▶ [Data shown]:
-----

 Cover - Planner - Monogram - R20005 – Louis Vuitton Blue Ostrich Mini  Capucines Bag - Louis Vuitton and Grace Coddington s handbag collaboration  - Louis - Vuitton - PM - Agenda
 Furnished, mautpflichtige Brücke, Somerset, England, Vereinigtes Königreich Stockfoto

-----

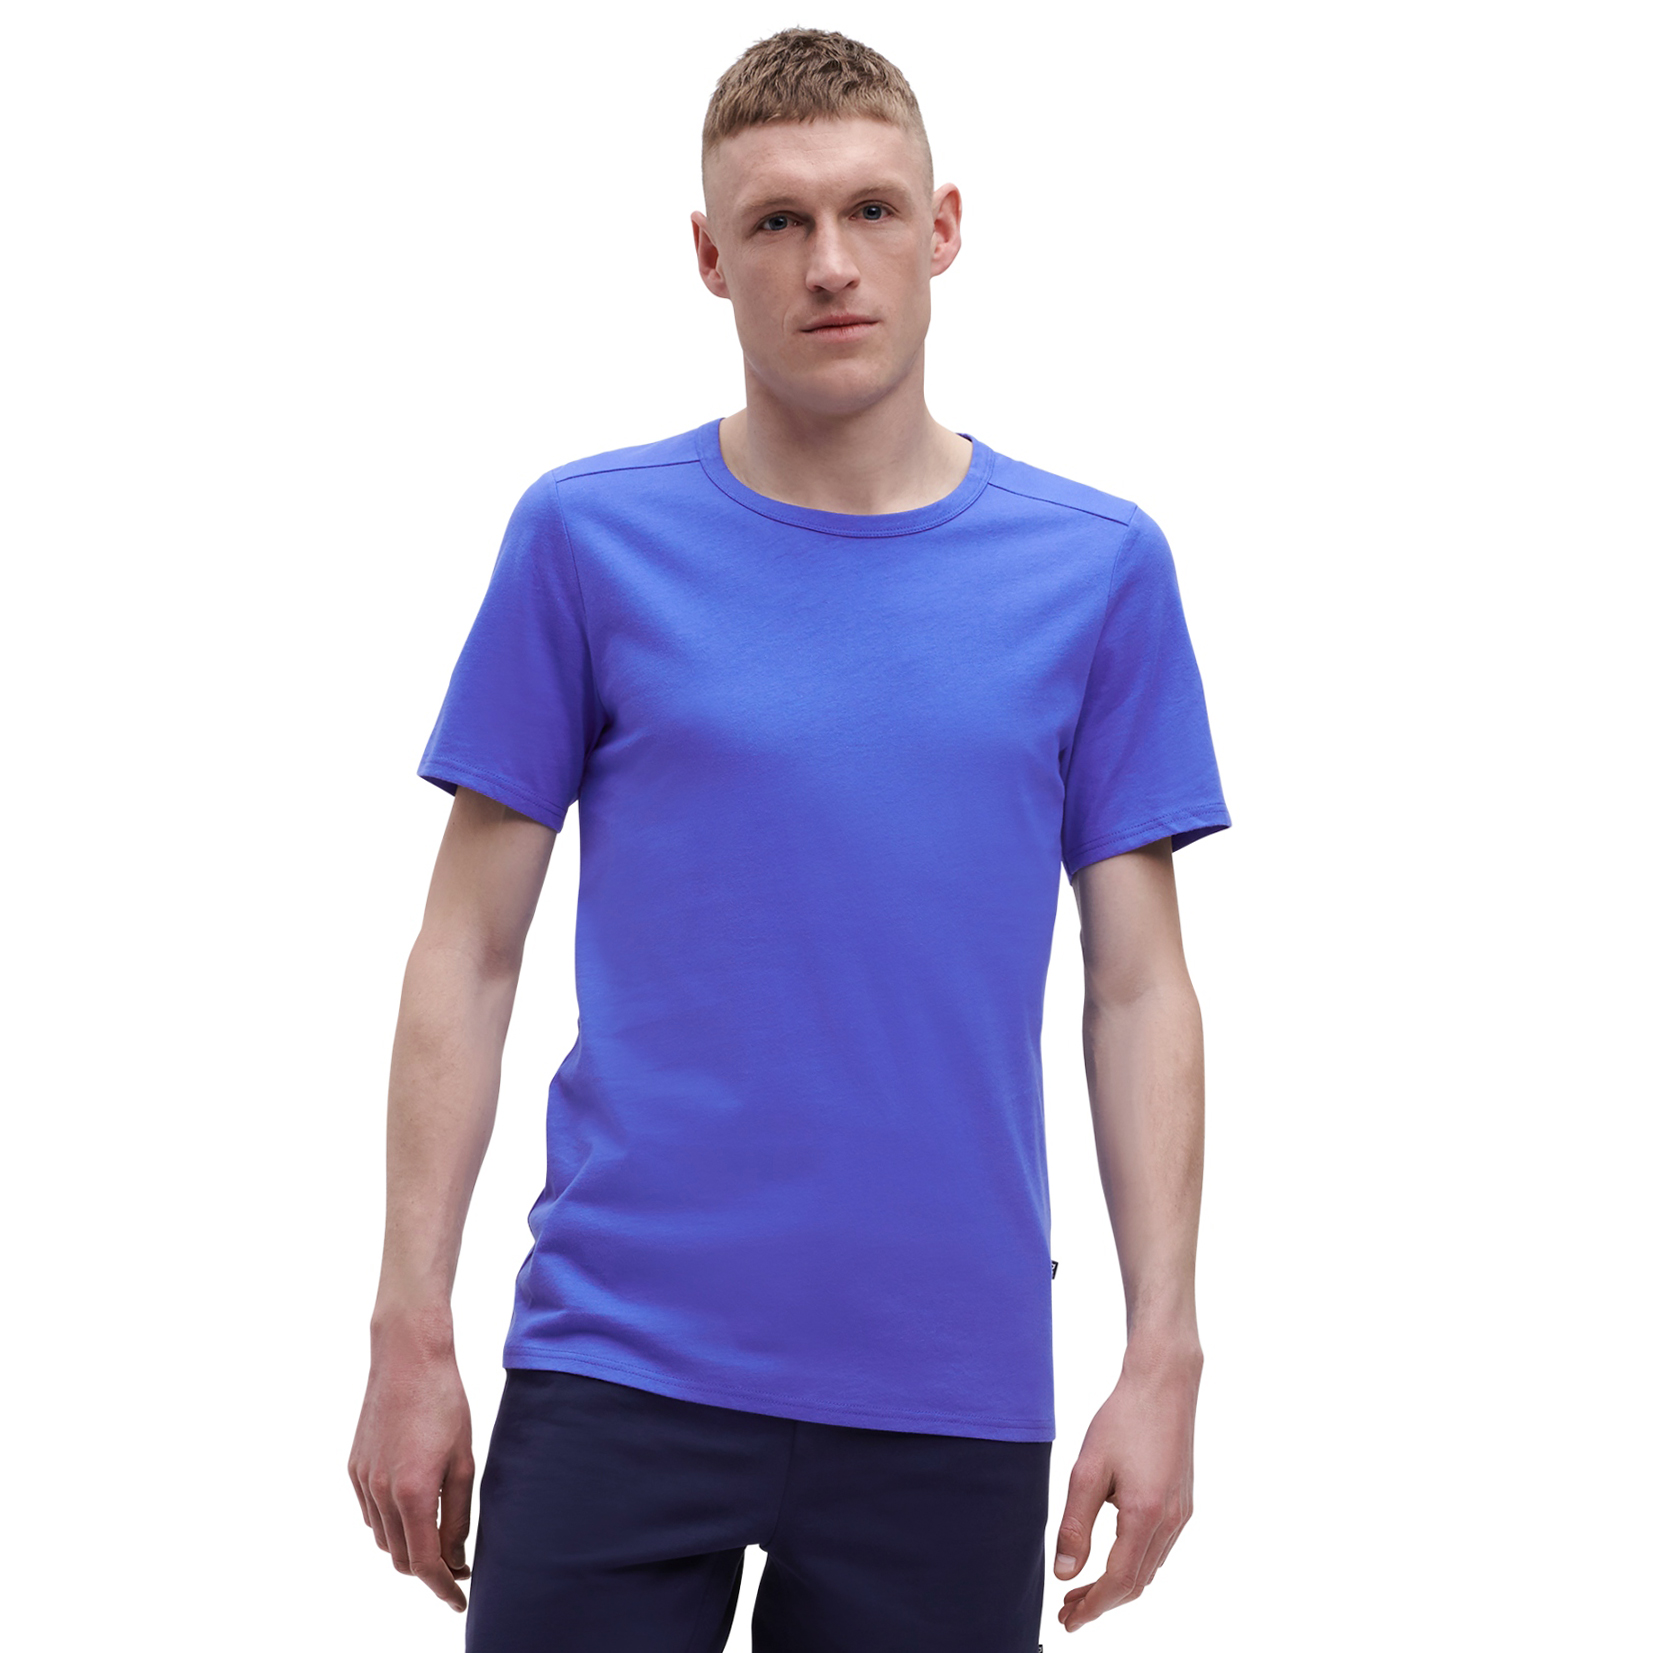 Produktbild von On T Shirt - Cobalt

-----

▶ [How to complete this task]: The lines above starting at the one that contains "Cover - Planner" and ending at the one that contains "Furnished, mautpflichtige Brücke, Somerset, England, Vereinigtes" must be transcribed exactly, and no other lines may appear.

▶ [Solved problem]:
 Cover - Planner - Monogram - R20005 – Louis Vuitton Blue Ostrich Mini  Capucines Bag - Louis Vuitton and Grace Coddington s handbag collaboration  - Louis - Vuitton - PM - Agenda
 Furnished, mautpflichtige Brücke, Somerset, England, Vereinigtes Königreich Stockfoto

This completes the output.